Ronald Sharpe (27 June 1950 – 26 June 2021) was a civil engineer and director, known for his support of community work in the central coast area of Australia.

==Life and career==
Sharpe was a joint managing director of Industrial Holdings Pty Ltd. He was a former Chairman of the NSW Branch of the Order of Australia Association. Sharpe was a carpenter, a licensed commercial builder, a licensed mechanic and built a career in the field of civil engineering. Throughout his life he was involved in civil infrastructure and road maintenance through the Sharpe family business. Ron Sharpe was the Founding Chairman of the Road Profiling Association of Australia, which evolved to become a part of the Australian Asphalt Pavement Association. As part of the celebration of AAPA's 40th anniversary in 2009, he was recognised for his services to the industry.

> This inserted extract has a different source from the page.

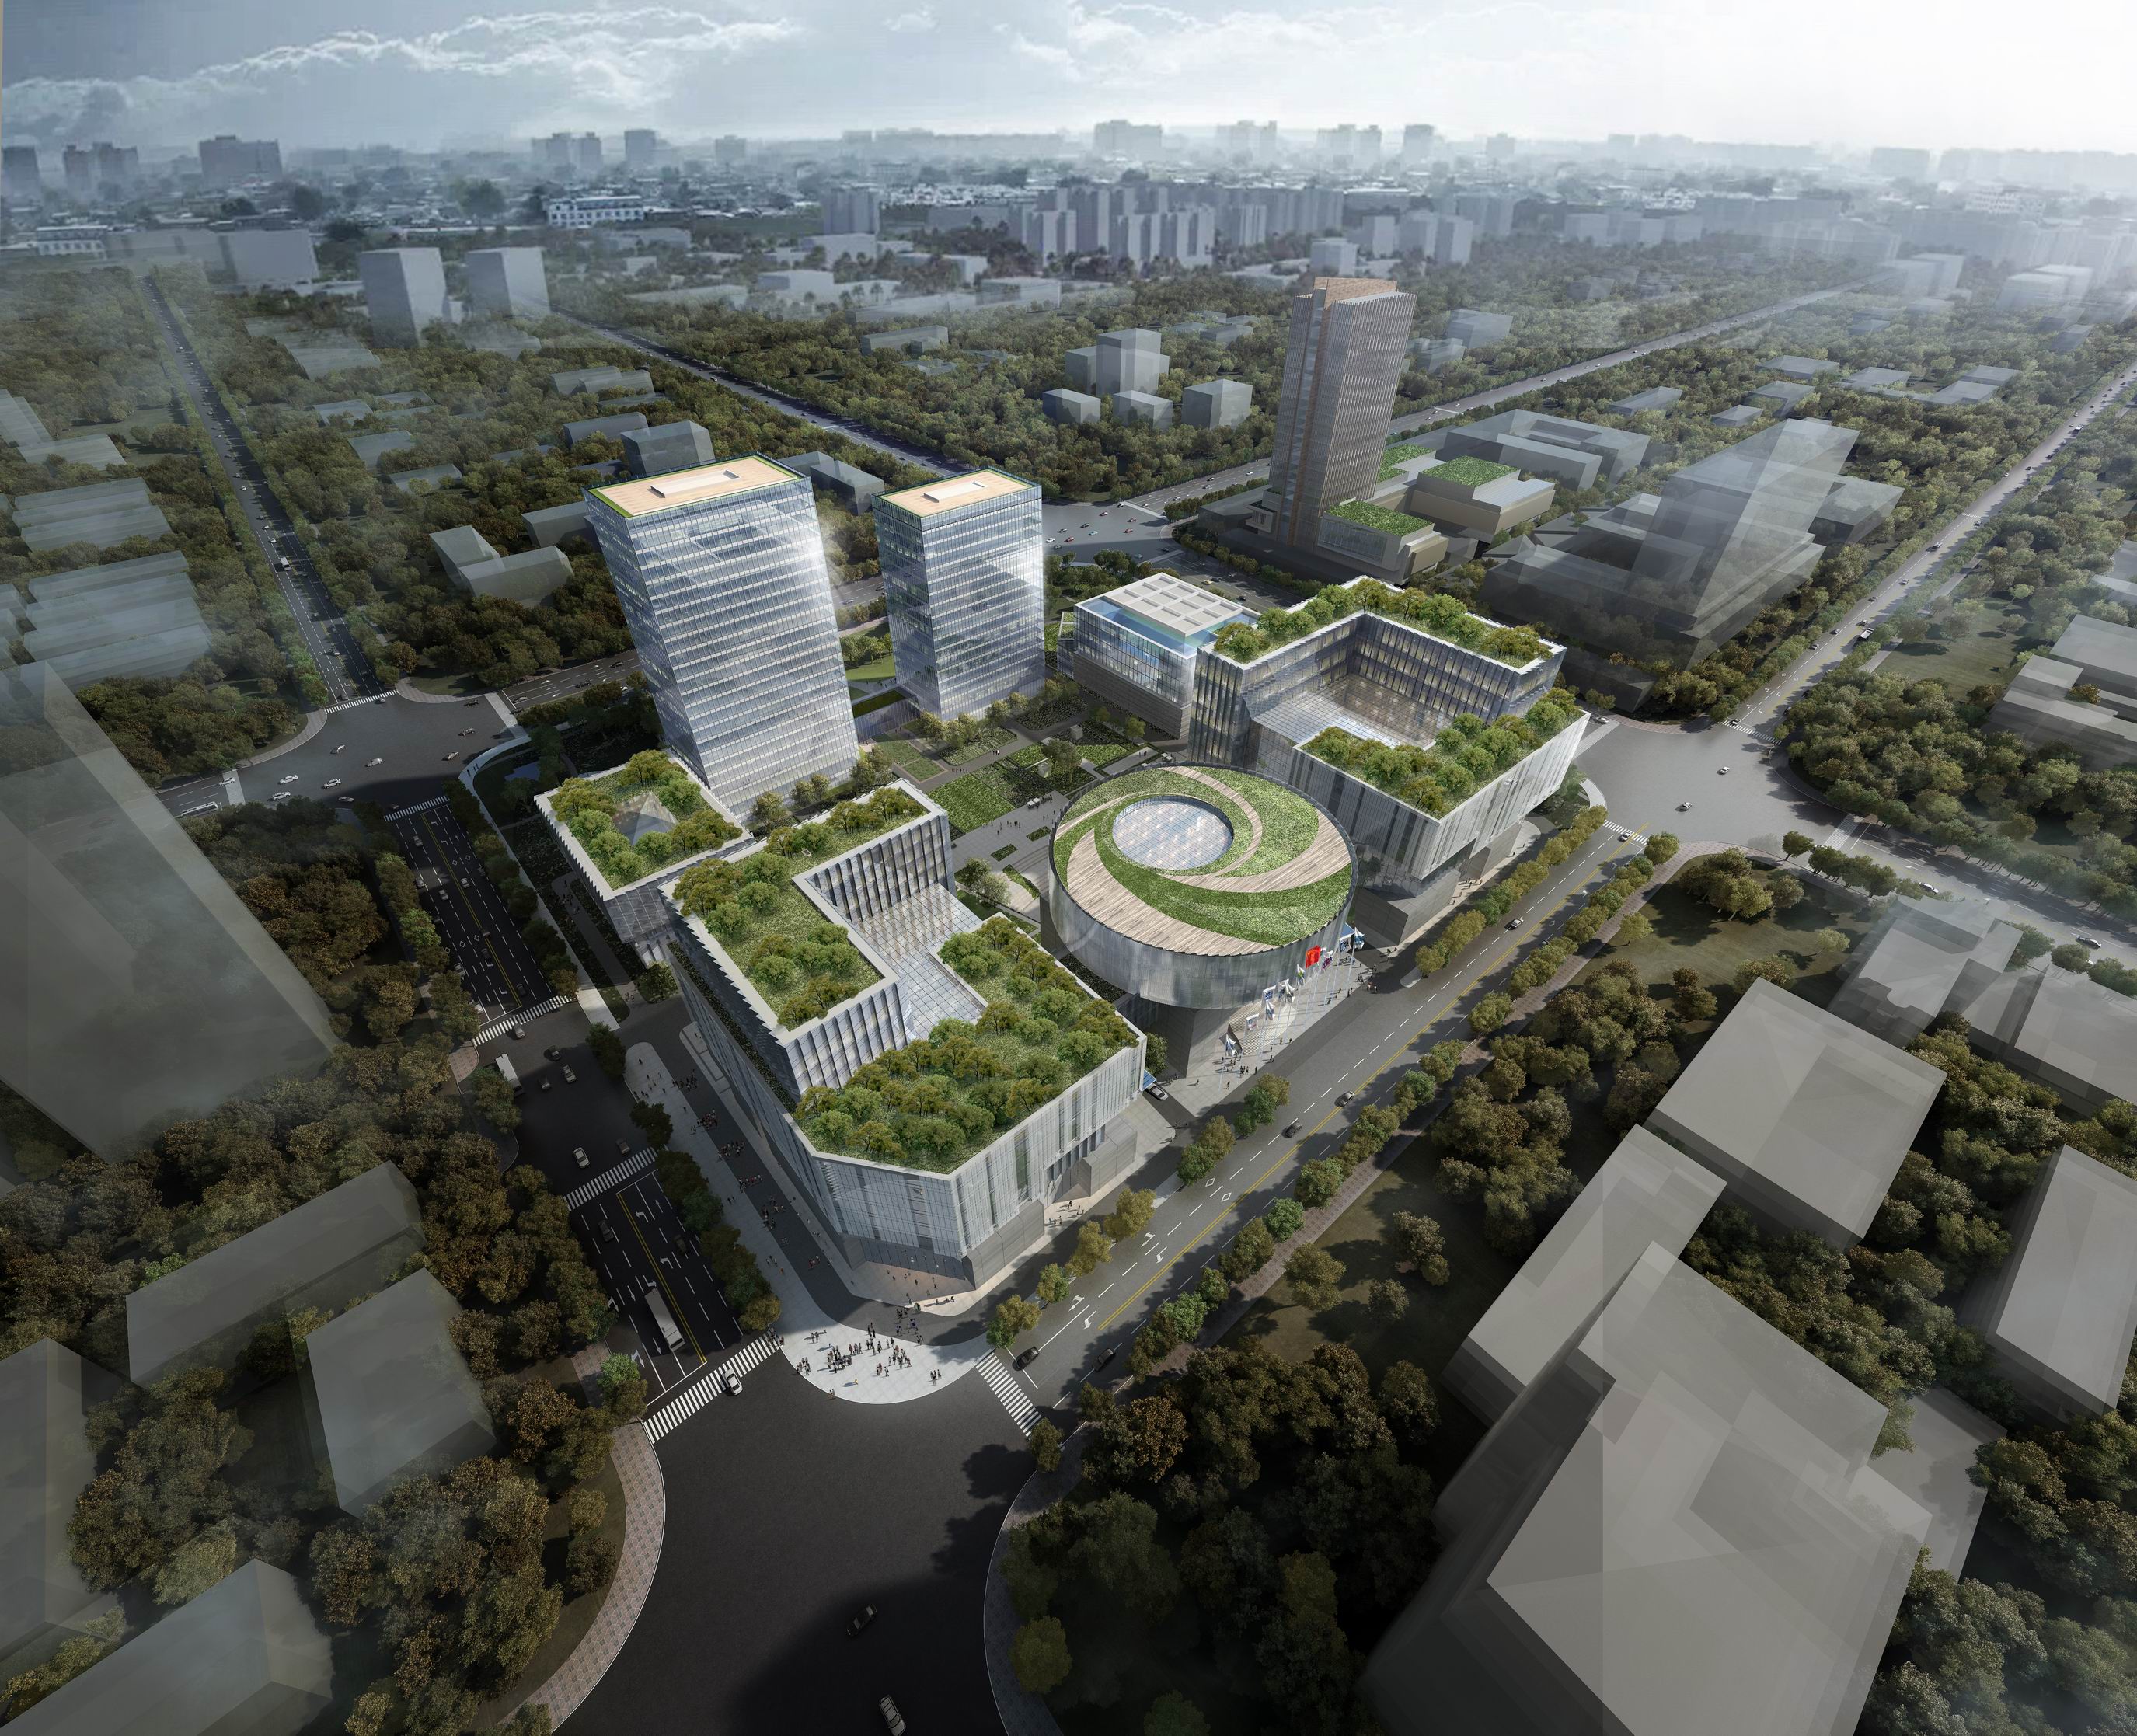 首页 信息公开 规划公示 其他 正文 项目名称: 郑州高新智慧产业园

In November 2009, a book by Margaret Hardy titled Significant Men of the Central Coast was launched and included Ron Sharpe and his sons; who were mentioned for their involvement in providing support to community groups through donations, partnerships, volunteering and community sponsorships.

Sharpe was a member of the Umina Apex Club and was awarded Life Membership in 1990. He helped raise funds for a number of causes including the Surf Rescue Helicopter and the Royal Volunteer Coastal Patrol. He was involved with the Salvation Army throughout his life, being a member of the Salvation Army Band, building the Salvation Army Hall at Umina with his father and being chairperson for the Peninsula Red Shield Appeal.

Ron Sharpe was a chairman and regional coordinator of the New South Wales State Committee of the Order of Australia Association.

==Honours==
In January 2005, Sharpe was named Citizen of the Year for the City of Gosford and on Australia Day 2006, he was awarded an Order of Australia (OAM) in recognition of his service to the community of the Gosford region through a range of service and social welfare organisations.

==Letter of condolence from the governor-general of Australia==
Upon Sharpe's death, David Hurly, the Governor-General of Australia, released a letter of condolence.